Name	Name	Last commit message	Last commit date
parent directory ..
configs	configs
README.md	README.md
run.sh	run.sh

WanVideo Training with LMMs-Engine-Mini

This directory contains examples and configurations for training WanVideo models using the LMMs-Engine-Mini framework.

Overview

WanVideo is a family of diffusion-based video generation models that support:

Text-to-Video (T2V): Generate videos from text descriptions
Image-to-Video (I2V): Generate videos from a starting image
Video-to-Video (V2V): Transform existing videos with text guidance
VACE: Video All-in-one Creation and Editing model
Fun Controls: Advanced control mechanisms for video generation

Model Variants

The implementation currently supports the following WanVideo model configurations:

1.3B T2V: Efficient text-to-video model for quick iterations (480×832 resolution)
14B T2V: High-quality text-to-video model (480×832 resolution)
14B I2V: Image-to-video model with higher resolution support (720×1280)

Quick Start

1. Prepare Your Dataset

Organize your video dataset in CSV format with the following structure:

modelscope download --dataset DiffSynth-Studio/example_video_dataset --local_dir ./data/example_video_dataset

For T2V (Text-to-Video) training:

video,prompt
path/to/video1.mp4,"A beautiful sunset over the mountains"
path/to/video2.mp4,"A cat playing with a ball in a garden"

For I2V (Image-to-Video) training:

video,image,prompt
path/to/video1.mp4,path/to/first_frame1.jpg,"The scene comes to life with movement"
path/to/video2.mp4,path/to/first_frame2.jpg,"Camera pans across the landscape"

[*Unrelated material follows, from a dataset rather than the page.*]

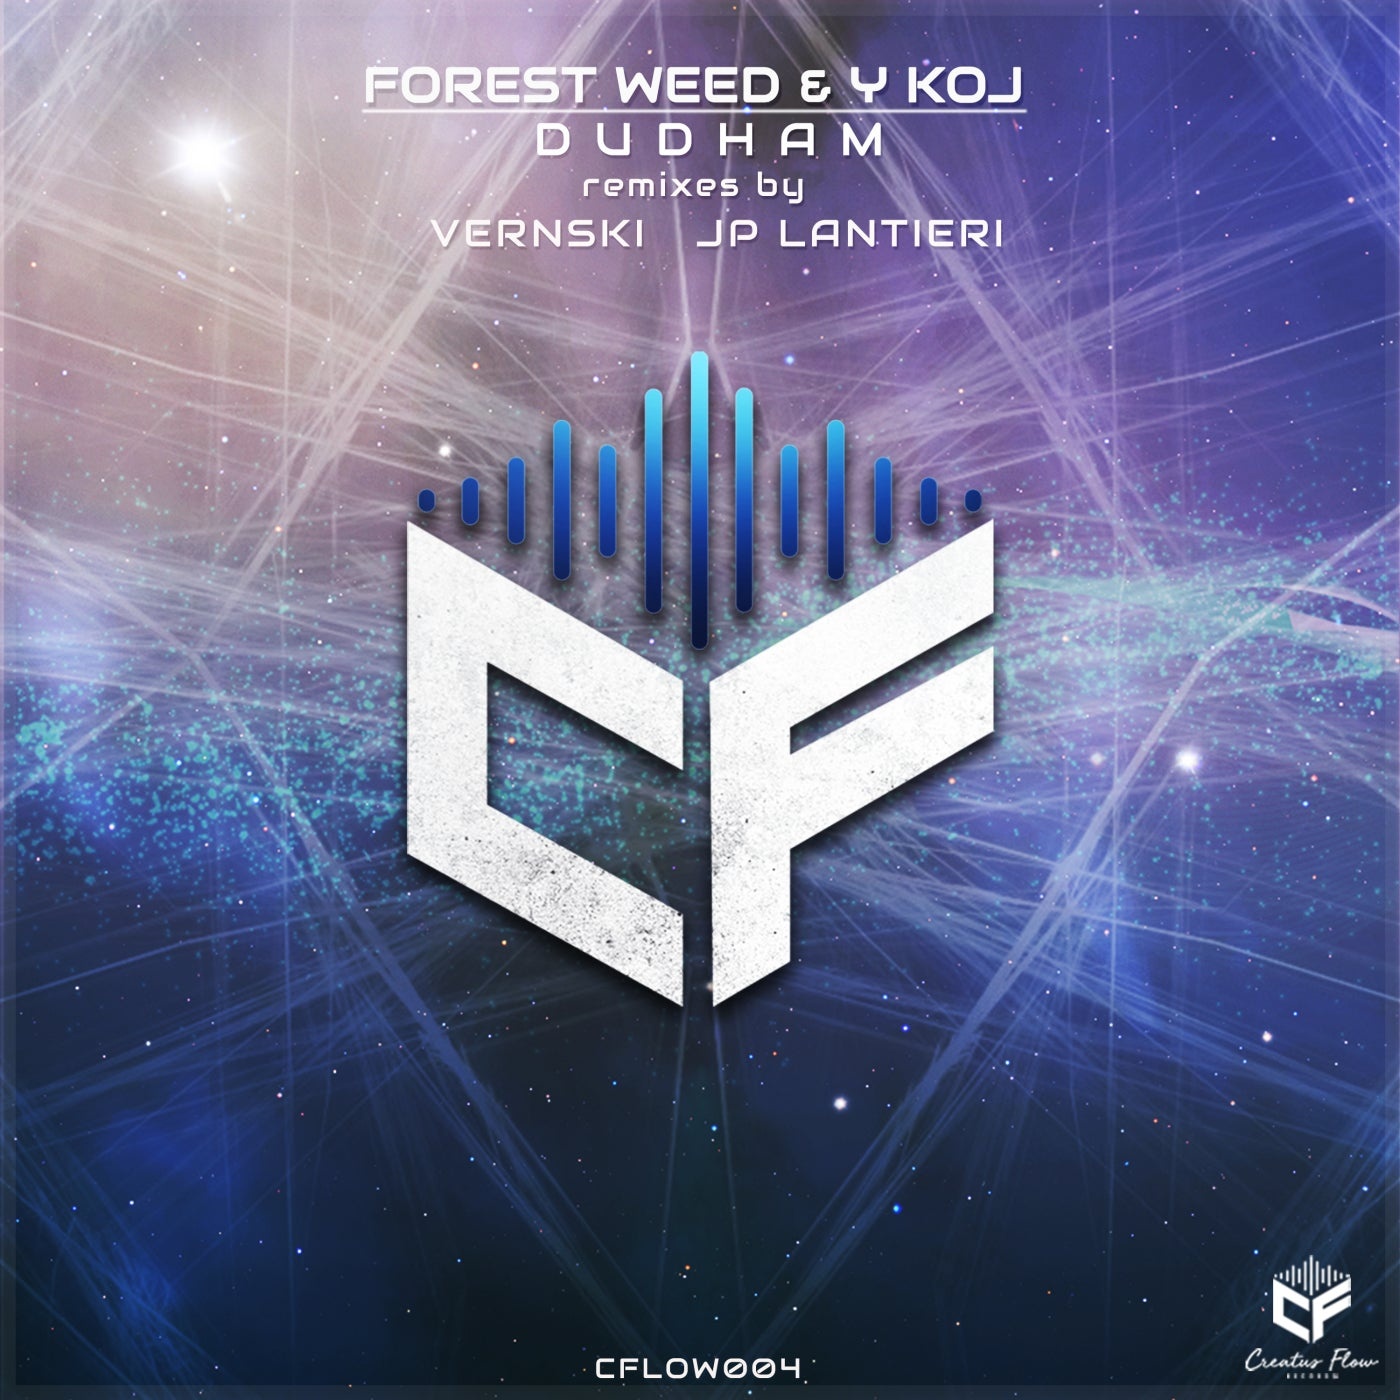 Forest Weed, Y KOJ - Dudham [CFLOW004]

Save your metadata CSV file (e.g., data/metadata.csv) and update the dataset path in the configuration files.

2. Configure Training

We provide pre-configured YAML files for different model variants:

examples/wanvideo/configs/wan2.1_t2v_1.3b.yaml: Text-to-Video 1.3B model
configs/wan2.1_t2v_14b.yaml: Text-to-Video 14B model
configs/wan2.1_i2v_14b.yaml: Image-to-Video 14B model

Modify the configuration files to match your dataset paths and training requirements.

3. Start Training

Single GPU Training

python -m lmms_engine.launch.cli --config examples/wanvideo/configs/wan2.1_t2v_1.3b.yaml

Multi-GPU Training with torchrun

torchrun --nproc_per_node=8 --nnodes=1 --node_rank=0 \
    --master_addr="127.0.0.1" --master_port="8000" \
    -m lmms_engine.launch.cli --config examples/wanvideo/configs/wan2.1_t2v_1.3b.yaml

Multi-GPU Training with Accelerate

accelerate launch --use_fsdp \
    -m lmms_engine.launch.cli --config examples/wanvideo/configs/wan2.1_t2v_1.3b.yaml

Resume Training

To resume training, update the configuration file to include:

trainer_args:
  resume_from_checkpoint: "./output/wan2.1_t2v_1.3b/checkpoint-XXX"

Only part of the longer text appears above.